E também, uma condição de risco bem importante são pacientes que estão deixando de engravidar. Então, estão tendo muito tempo de exposição hormonal, pacientes que estão deixando para engravidar mais tarde, que não estão tendo filhos, que não estão amamentando, então acaba tendo esse risco maior.
Com que frequência o autoexame deve ser feito?
Eu gosto dessa ideia de fazer uma vez por mês. Acho que quem menstrua é importante fazer logo depois do ciclo menstrual, que é quando a gente vai conseguir ter uma melhor avaliação da mama. Nas pacientes que por algum motivo usam anticoncepcional ou estão na pós-menopausa, escolher uma data do mês e fazer naquele período. As consultas ginecológicas, no geral, devem ser anuais.
Não há mais um tratamento padrão? Cada paciente é tratado de forma diferente?
A gente fala hoje em dia de uma medicina personalizada, do tratamento do câncer de mama personalizado cada vez mais assertivo. Eu sempre brinco que não adianta chegar em casa e ver o procedimento que a vizinha fez. No consultório, na sala de espera, cada um vai ter feito um tipo de tratamento. Isso graças a nossa evolução, tanto em diagnóstico quanto em cura. Então quando a gente diagnostica um tumor de mama, tem várias coisas que a gente avalia para definir qual o procedimento, qual o tipo de cirurgia, se vai ser feita ou não.

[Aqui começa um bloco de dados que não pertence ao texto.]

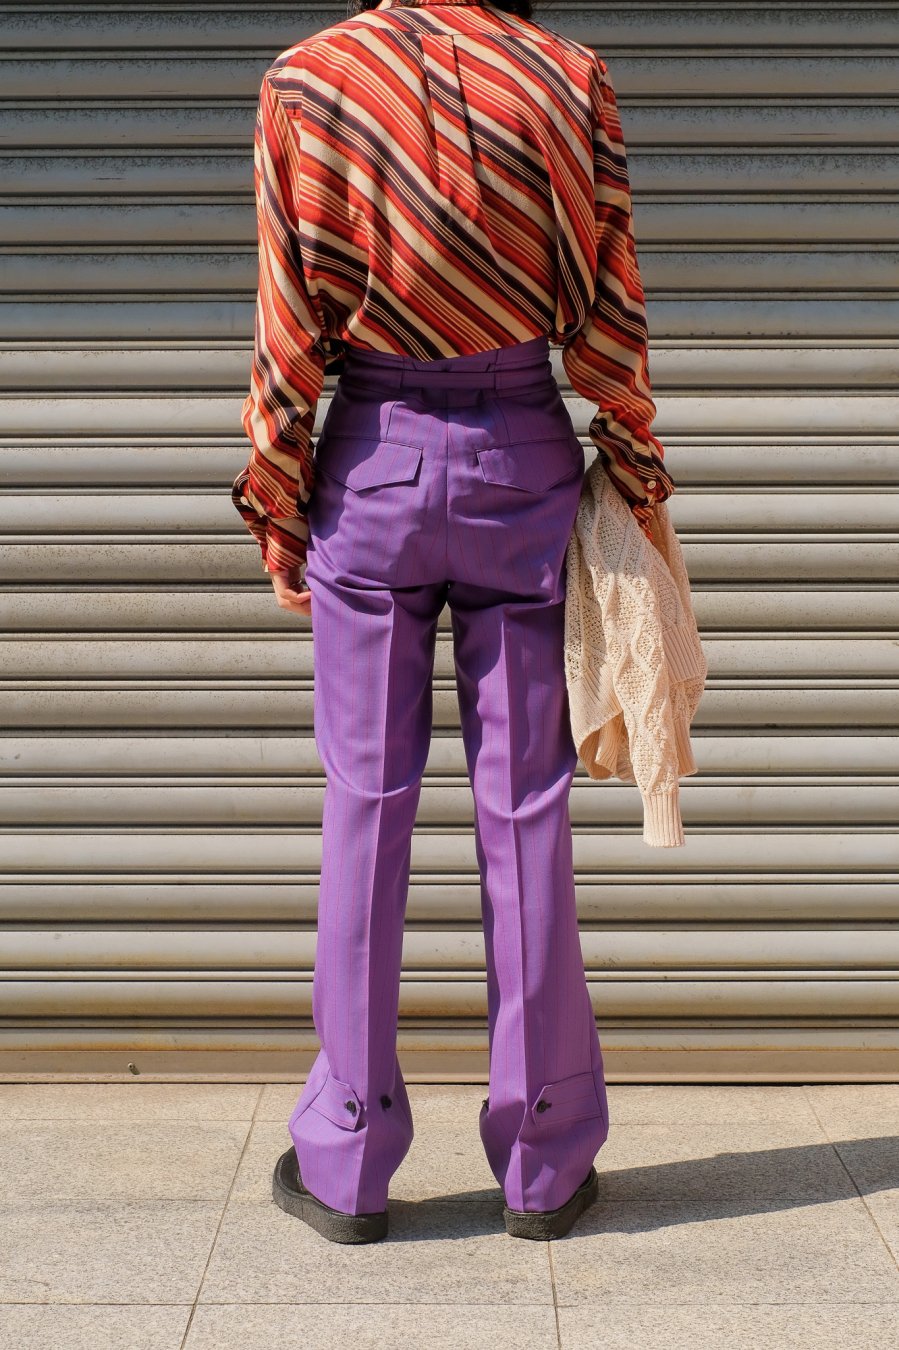 LITTLEBIG（リトルビッグ）のGurkha Trousers Purple（グルカトラウザーズ）の通販サイト-大阪 堀江 PALETTE art  alive（パレットアートアライヴ）-

Tem uma coisa que a gente chama de perfil imuno-histoquímico, como se fosse o sobrenome do tumor. Neste contexto que descobrimos se ele responde mais aos hormônios, se ele se multiplica de forma mais rápida ou não e aí sim começamos a personalizar esse tratamento. Quando falamos de tratamento curativo, ou seja, que o tumor está na mama, a gente tem que sempre passar pela cirurgia, não conseguimos negociar. Em tumores maiores, às vezes realmente precisa retirar a mama, mas ainda a gente faz uma mastectomia. Hoje em dia temos também a lei da reconstrução mamária, onde conseguimos reconstruir essa mama com prótese, com expansor para gerar um certo resultado estético nessas mulheres. Claro que quando falamos de reconstrução mamária, não é prótese mamária estética, então o nosso objetivo é reconstruir aquela mama, inclusive sendo através do SUS. Além disso, há a quimioteparia e a radioterapia para casos que realmente precisam.
Existe alguma população mais suscetível?
Tem os judeus, que é uma população que tem mais risco, inclusive com indicação de fazer teste genético, mas aqui no Rio Grande do Sul a gente fala mais em hábitos mesmo, tendo uma incidência maior do que nos estados do Norte, mas não relacionado à raça.